Data:
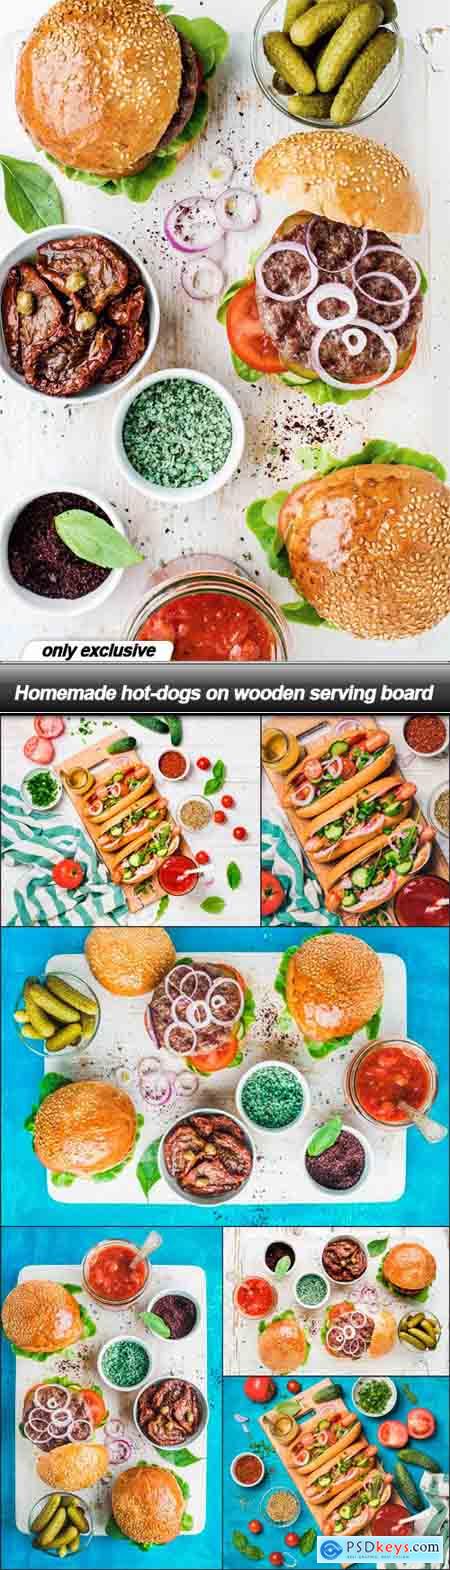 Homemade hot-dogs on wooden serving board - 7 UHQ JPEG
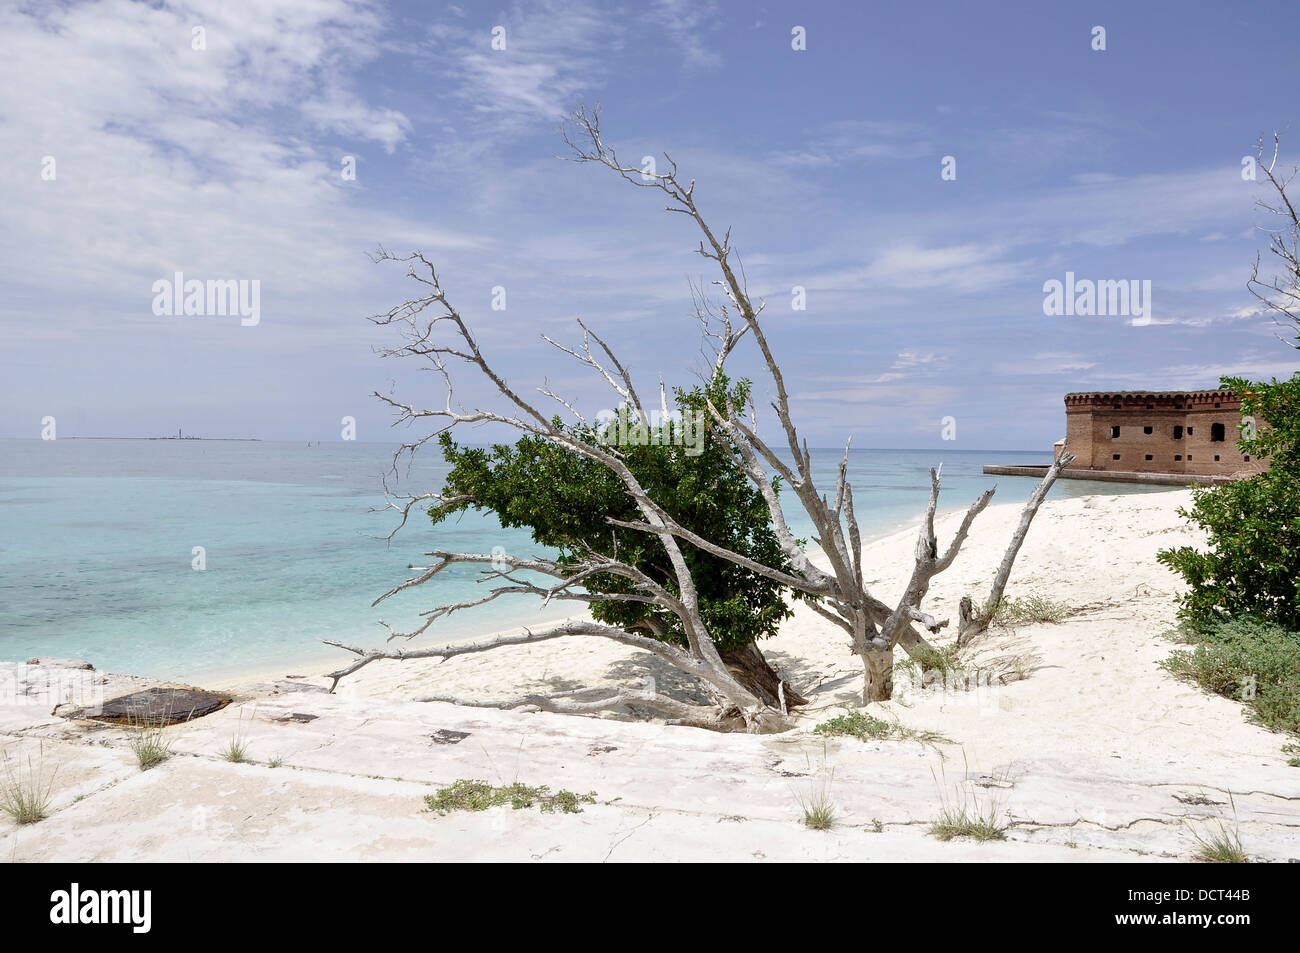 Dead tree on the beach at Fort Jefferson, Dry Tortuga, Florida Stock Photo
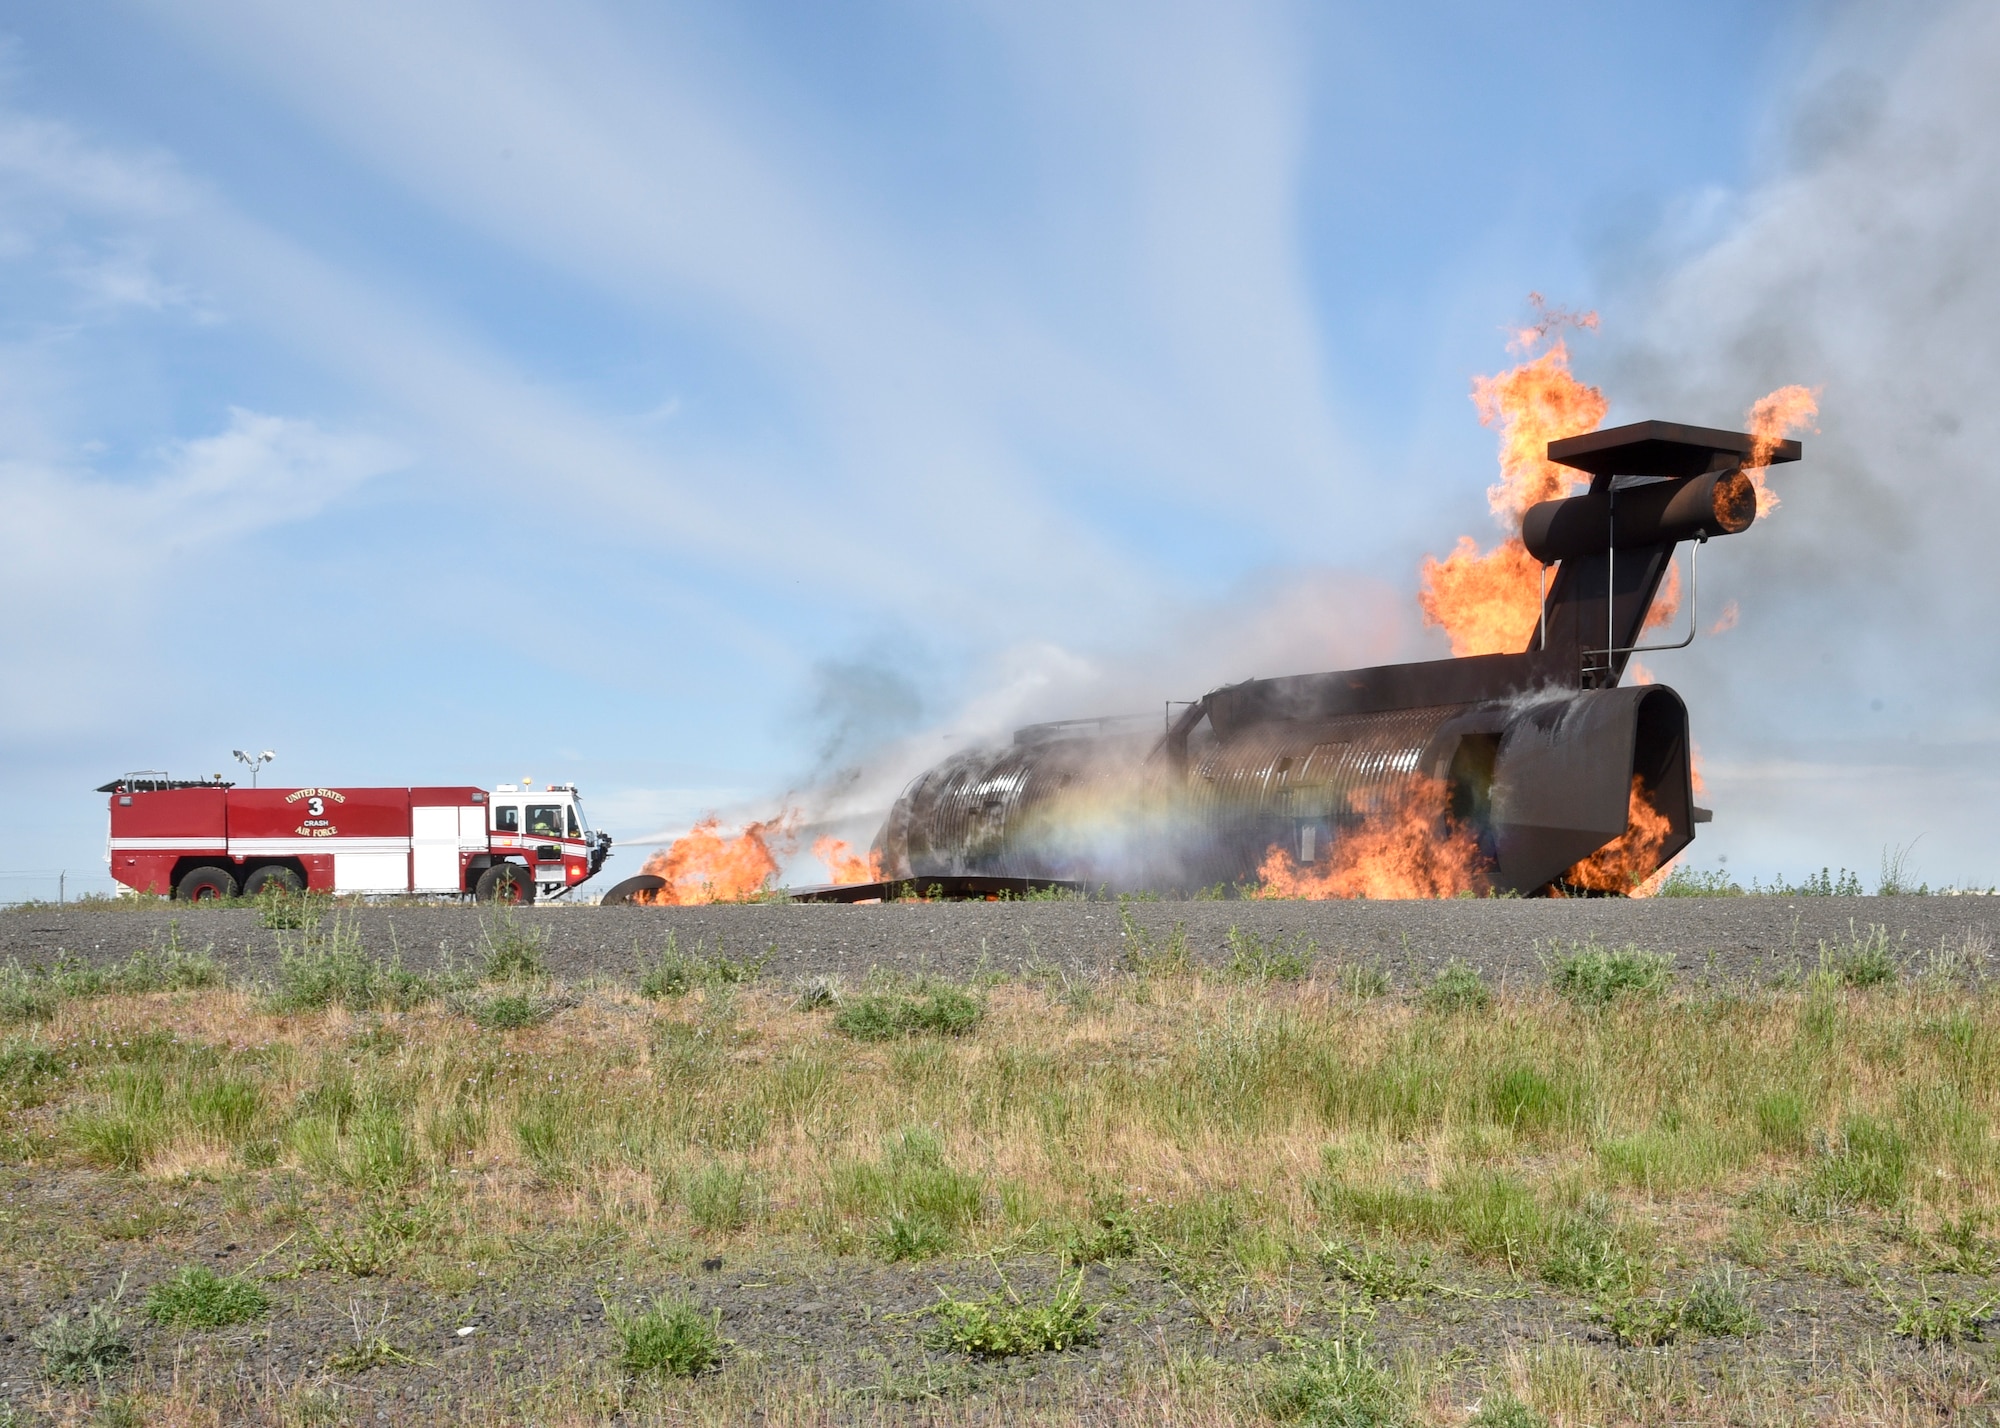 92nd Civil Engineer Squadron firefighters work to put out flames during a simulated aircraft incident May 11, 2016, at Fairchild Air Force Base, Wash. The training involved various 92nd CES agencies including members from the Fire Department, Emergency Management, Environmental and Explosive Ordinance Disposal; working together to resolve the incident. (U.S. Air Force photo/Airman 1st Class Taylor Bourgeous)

Work required: All lines from the one holding "Dead tree on" through the last line of the material above should be set down exactly, and the pictures should be left out.

Response area:
 Dead tree on the beach at Fort Jefferson, Dry Tortuga, Florida Stock Photo
 92nd Civil Engineer Squadron firefighters work to put out flames during a simulated aircraft incident May 11, 2016, at Fairchild Air Force Base, Wash. The training involved various 92nd CES agencies including members from the Fire Department, Emergency Management, Environmental and Explosive Ordinance Disposal; working together to resolve the incident. (U.S. Air Force photo/Airman 1st Class Taylor Bourgeous)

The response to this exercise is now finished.